### Problem requirements
Everything from the line with "Is it illegal to use VPN in USA?" down to the line with "National emblem: India" below must be printed exactly, those two lines included. Exclude pictures.

### Extracted records
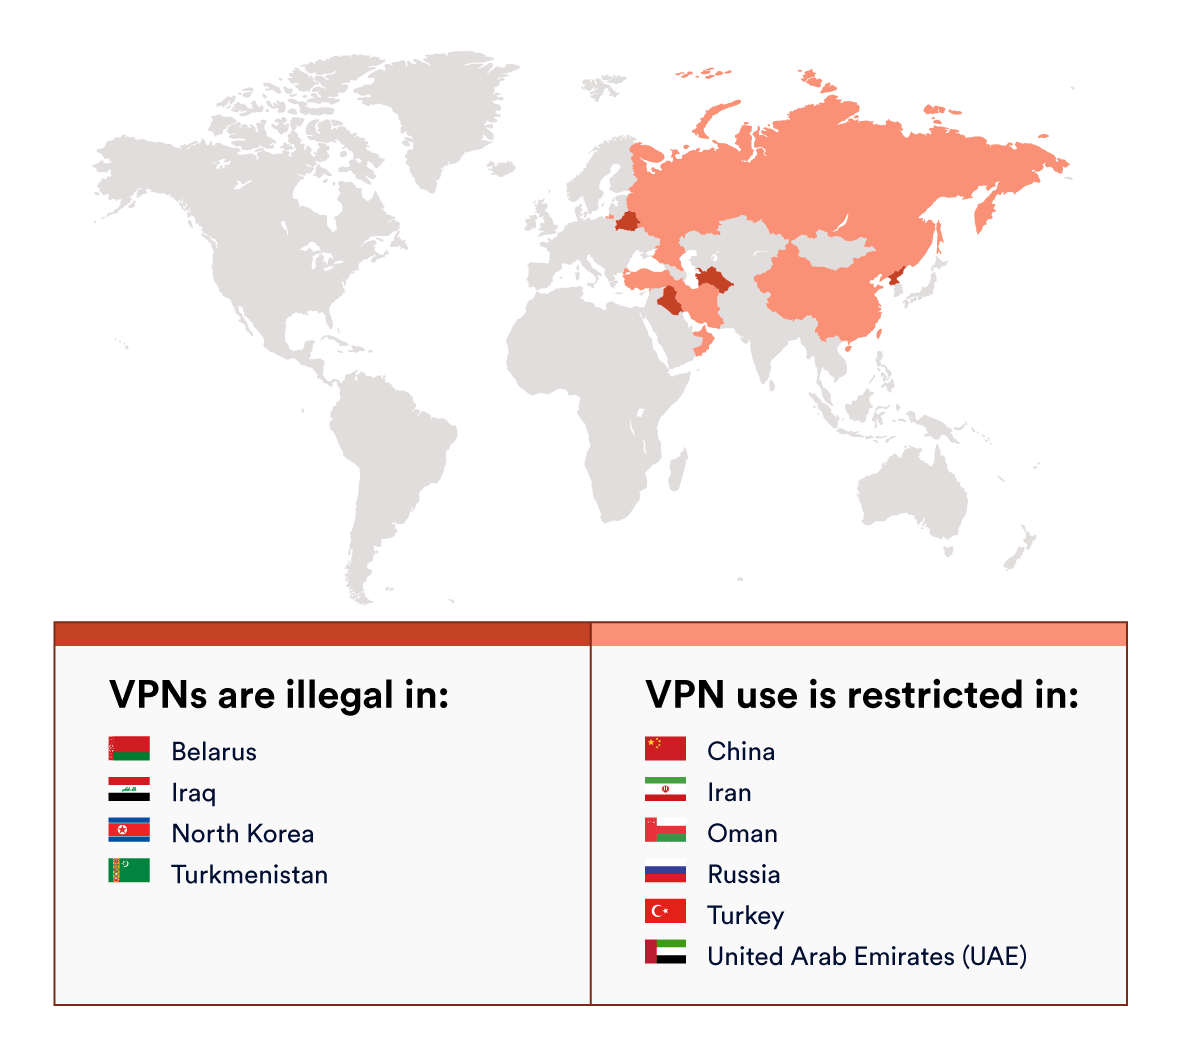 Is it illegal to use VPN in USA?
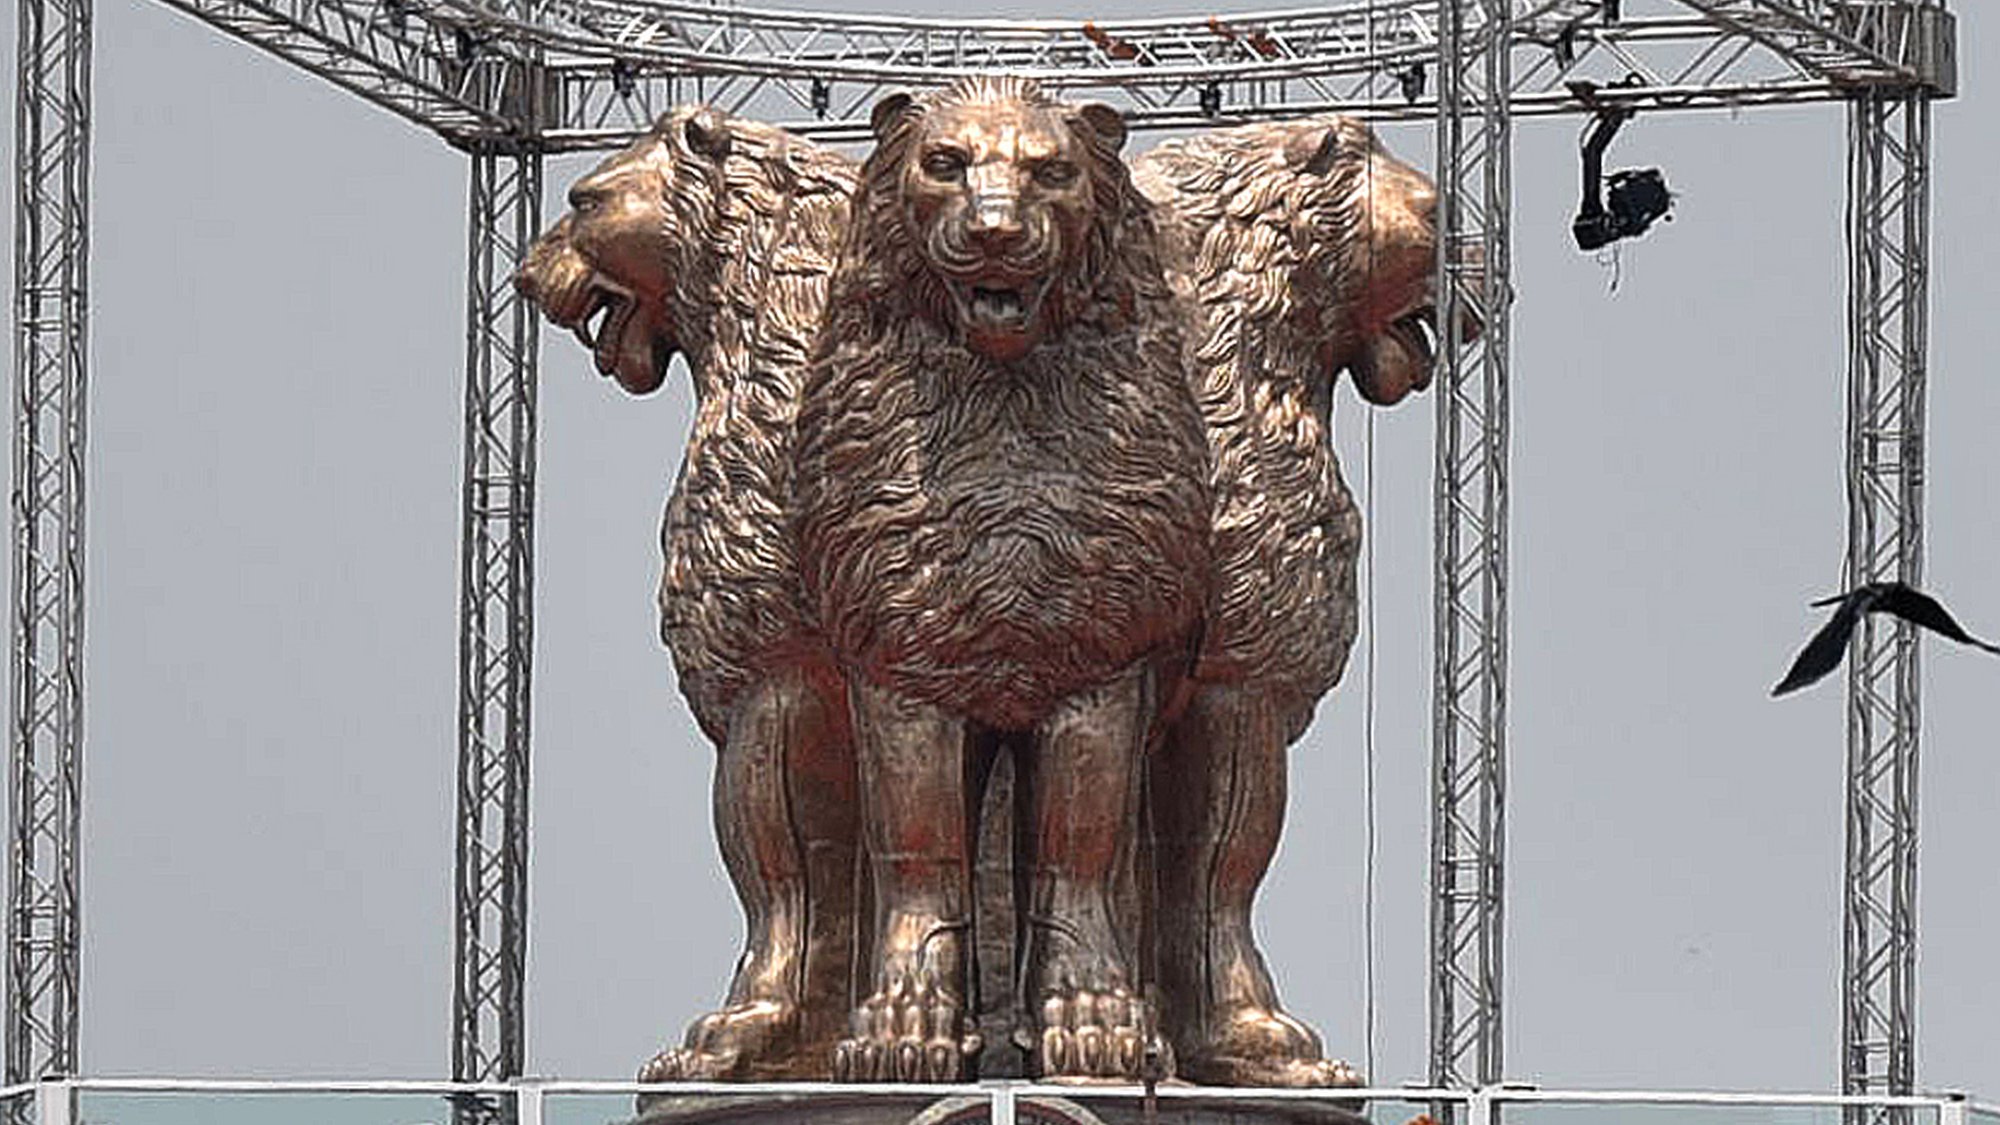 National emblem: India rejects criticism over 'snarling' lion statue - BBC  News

...

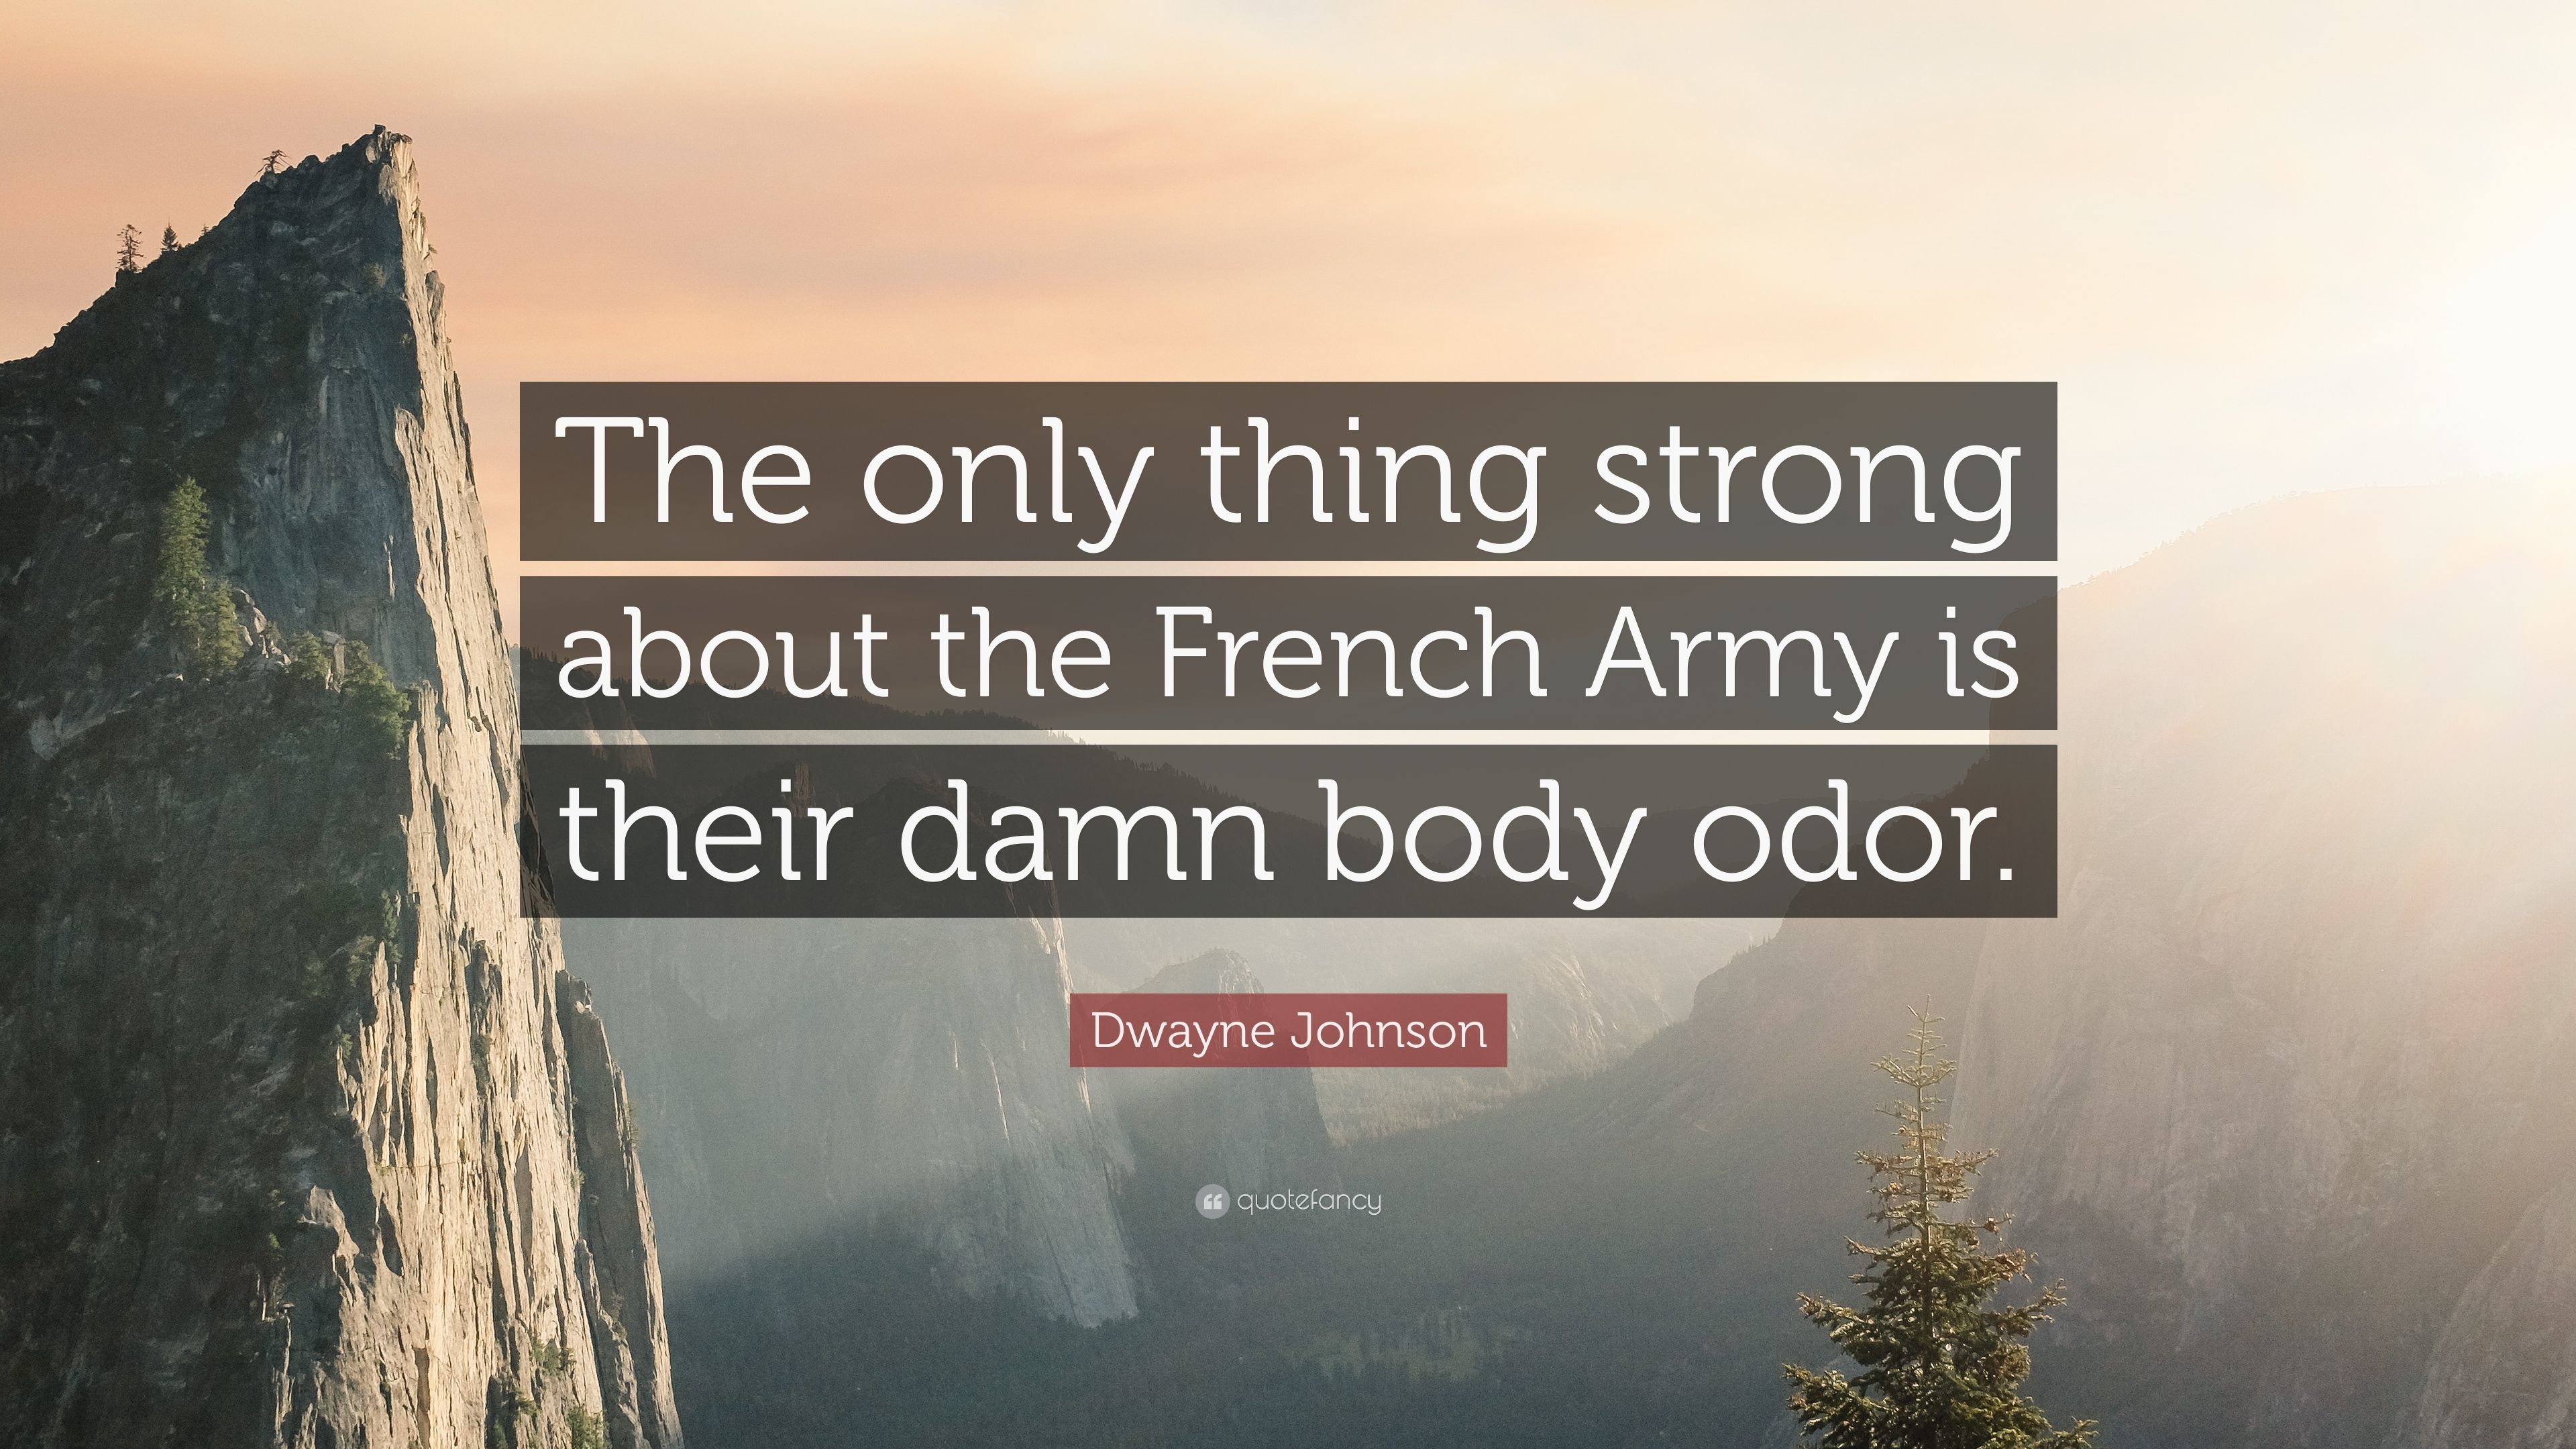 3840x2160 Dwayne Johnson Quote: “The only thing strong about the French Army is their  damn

### Expected output
 Is it illegal to use VPN in USA?
 National emblem: India rejects criticism over 'snarling' lion statue - BBC  News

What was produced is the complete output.